In the case of Modern Dental College v. State of M. P (9) case, certain conditions were laid down by the Supreme Court to test and decide whether the state conducts are proportionate. The conditions are as follows:

  1. Seeks a valid and lawful interest,

  2. Should be befitting i.e., there has to be a reasonable connection betwixt the means adopted and the object aimed to be accomplished,

  3. Should be vital and necessary i.e., the means adopted must not be excessive, as in, it should be the least intrusive measure in the given set of circumstances and

  4. Should be proportionate i.e., the balance between the interest in constraining the right must override the need to safeguard the right.

Each of the aforementioned conditions is needed to be fulfilled for the geoblock to be regarded as proportionate (10).

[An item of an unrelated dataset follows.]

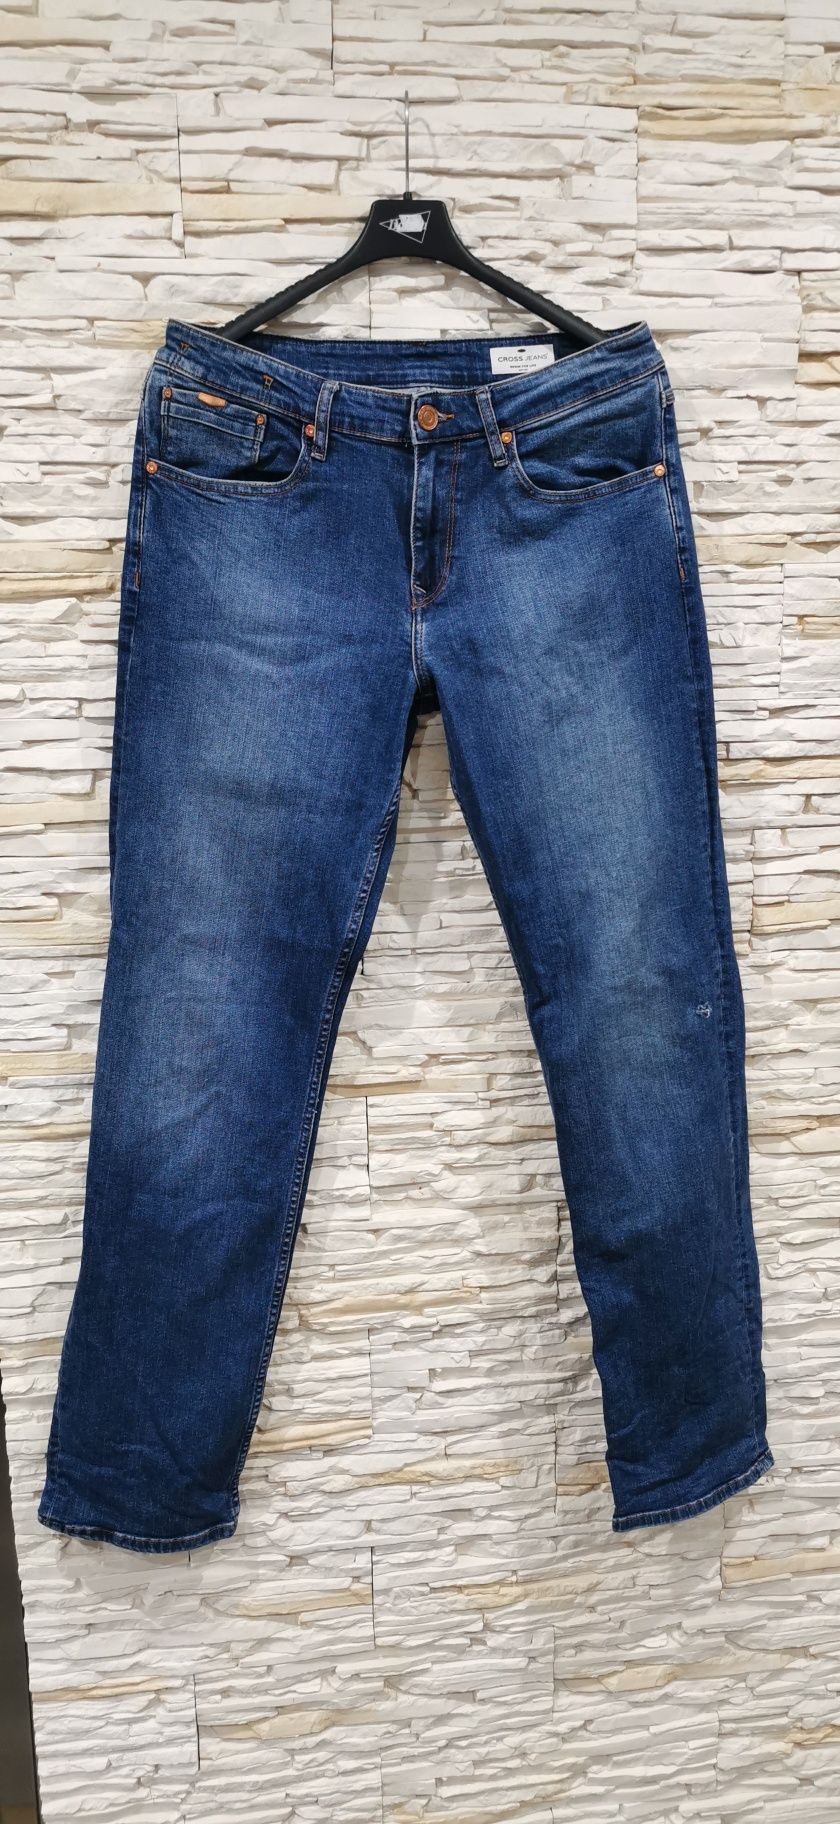 Spodnie męskie cross jeans 32/34

The economic reliance of India on China

By far, India is taking precautions and making arrangements for safeguarding the sovereignty and integrity of the country by banning all suspicious mobile applications. Nonetheless, India is still dependent on China for several other things.

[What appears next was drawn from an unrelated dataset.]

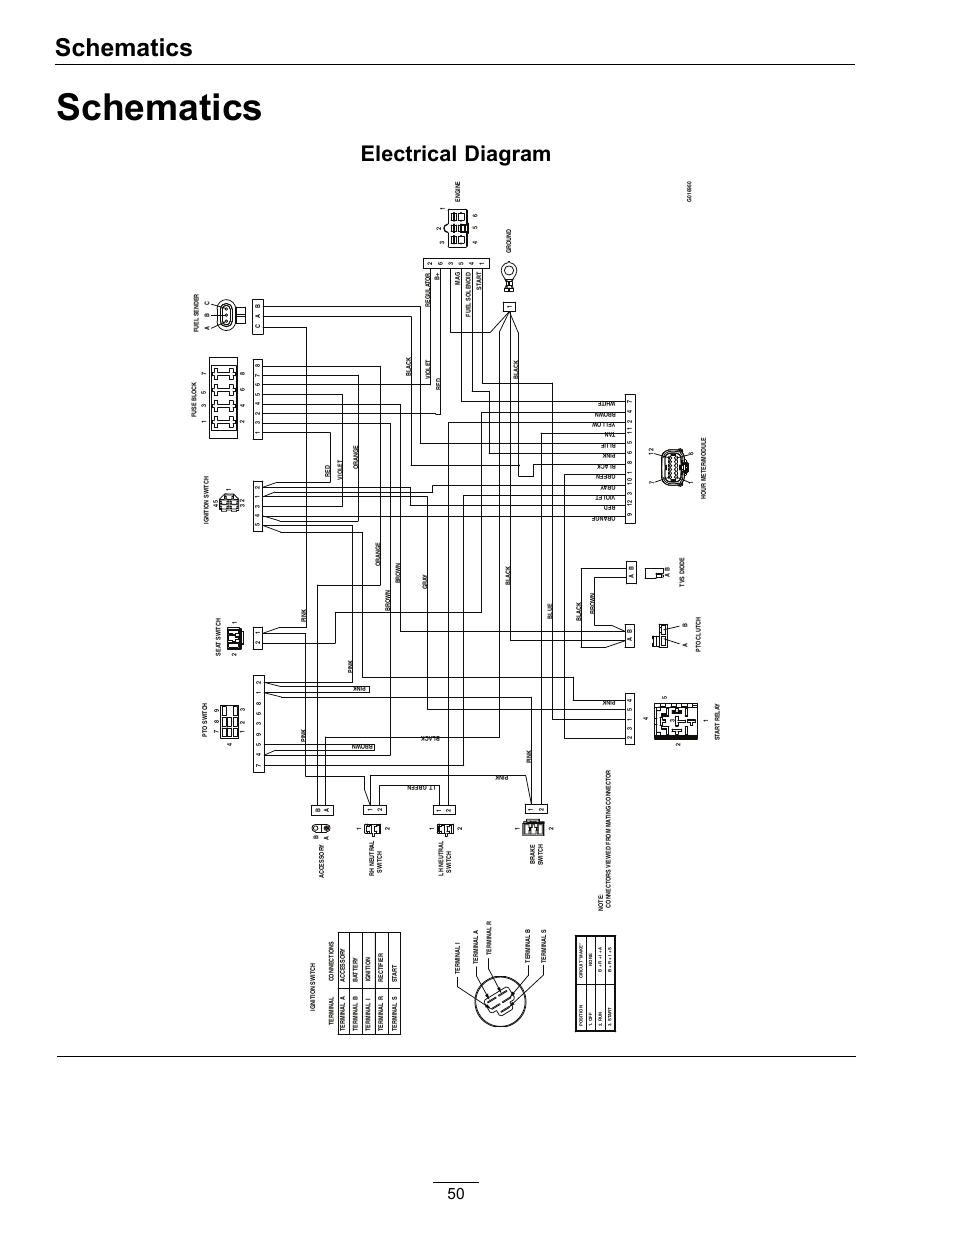 ls 53t1 4p wiring diagram

Foreign Direct Investment (FDI) from China comes to metallurgical industries, renewable energy, electrical equipment, automotive, and chemicals. Chinese FDI into India in 2019 was $ 4.14 billion (11).

According to reports, Chinese tech investors have put about $ 4 billion into Indian start-ups. As of March 2020, 18 out of India’s 30 Unicorns are Chinese funded. India’s pharmaceutical industry is the third-largest in the world, but still, India imports two-thirds of its active pharmaceutical ingredients or key ingredients from China. Furthermore, according to data available with the Tourism Ministry of India, travel between India and China has been growing at an annualized rate of 32.4% (12).

China’s rejoinder to the ban

China’s response to the ban was that they have invested so much in India for such a long period. When a country has invested a lot in the market of India on bilateral agreements, the chances of development on both sides are quite likely to happen, considering the nations to be of resource and capital-rich like India and China. However, China had been given a setback by Indian authorities in the name of ‘national security as the Chinese officials firmly oppose this partial and discriminatory action taken by the Indian Government.

The Chinese App developers have also mentioned that the Indian Government had provided them with a provision that they can directly contact the Indian government regarding their complaints about the cessation of their apps and can also propose why their app should not have been banned. However, the government seems to be having deafness when the developers seek answers.